By default, it monitors continuously, updating every 2 seconds. Use the `-n` flag to modify the update interval, or use `--once` to print the usage once before exiting.

### Using `beakerutil list`

`beakerutil list` is a straightforward command, it takes no arguments and prints the currently running beaker jobs, both interactive and noninteractive.
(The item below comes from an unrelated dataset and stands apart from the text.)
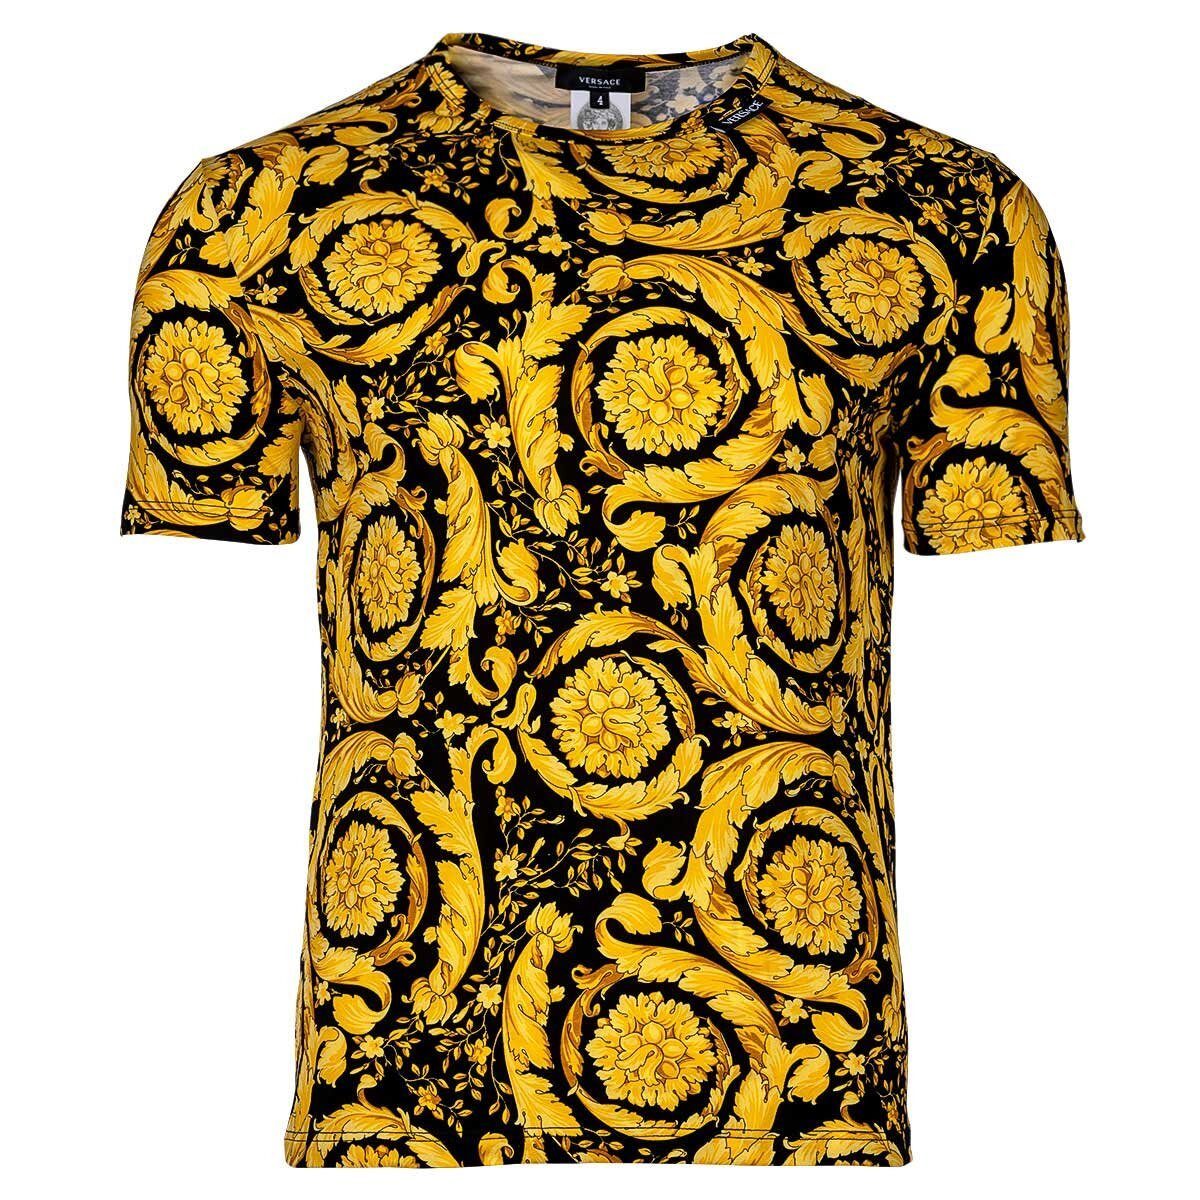 Stretch - Unterhemd, T-Shirt Versace Gold/Schwarz Rundhals, Herren T-Shirt
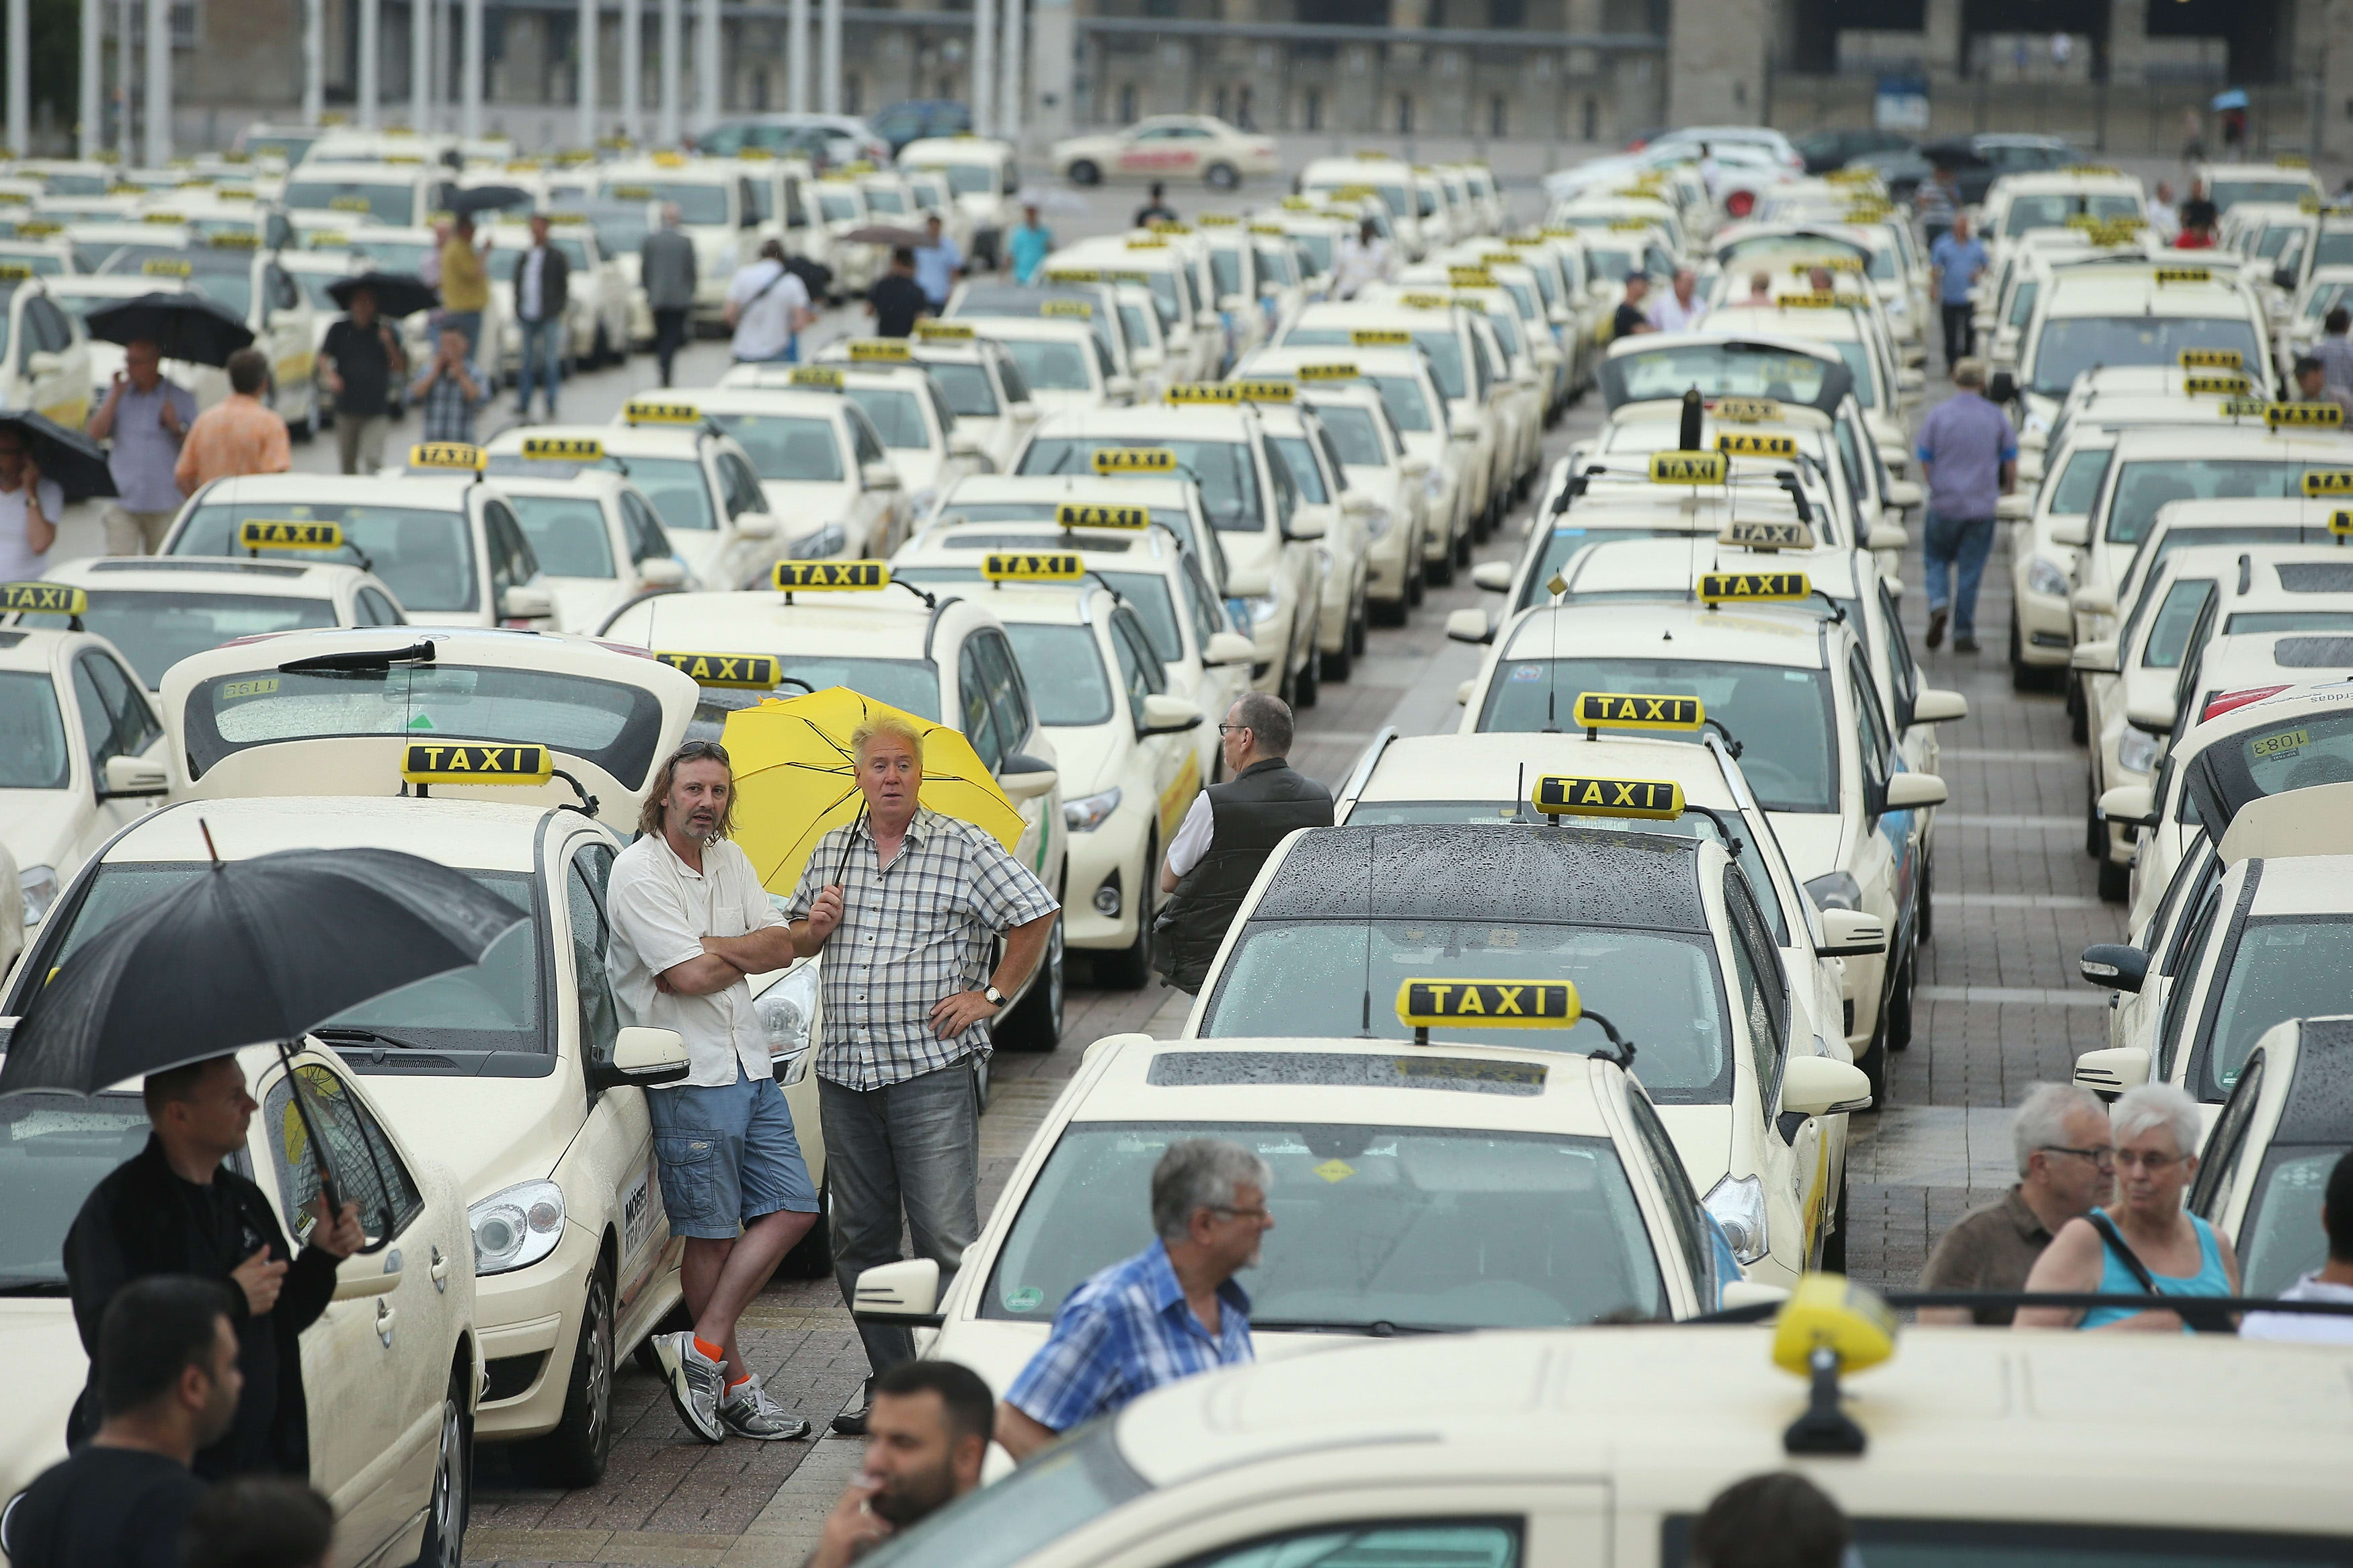 Российские таксисты начали бунтовать против агрегаторов

For example, the output may look like this:
```bash
Interactive sessions:
    0: Session 01JBWFVSS0HNZWW5CT8C84F0J1 using 1 GPU(s) on prior-elanding-62.reviz.ai2.in, status=idle
```
In this case, there is only one session, with index 0 and ID `01JBWFVSS0HNZWW5CT8C84F0J1`.

### Using `beakerutil attach`

`beakerutil attach` is a utility for connecting to an existing session with `beaker session attach`. For example, say the output of `beakerutil list` looks like this:
```bash
Interactive sessions:
    0: Session 01JBWFVSS0HNZWW5CT8C84F0J1 using 1 GPU(s) on prior-elanding-62.reviz.ai2.in, status=idle
```
Running `beakerutil attach 0` will connect to the session at index 0. Alternatively, you can specify the session ID or name with the `--id` or `--name` flags, respectively. If you only have one session running (as is the case here), you can simply run `beakerutil attach` (with no arguments) to attach to that session.

### Using `beakerutil stop`

`beakerutil stop` can be used to easily cancel jobs or sessions. It has a similar usage as `beakerutil attach`, simply specify an index, ID, or name.

### Shortcuts

Some shorthand commands are provided for convenience:
 - `beakerlaunch` is a shorthand for `beakerutil launch`. All arguments are forwarded.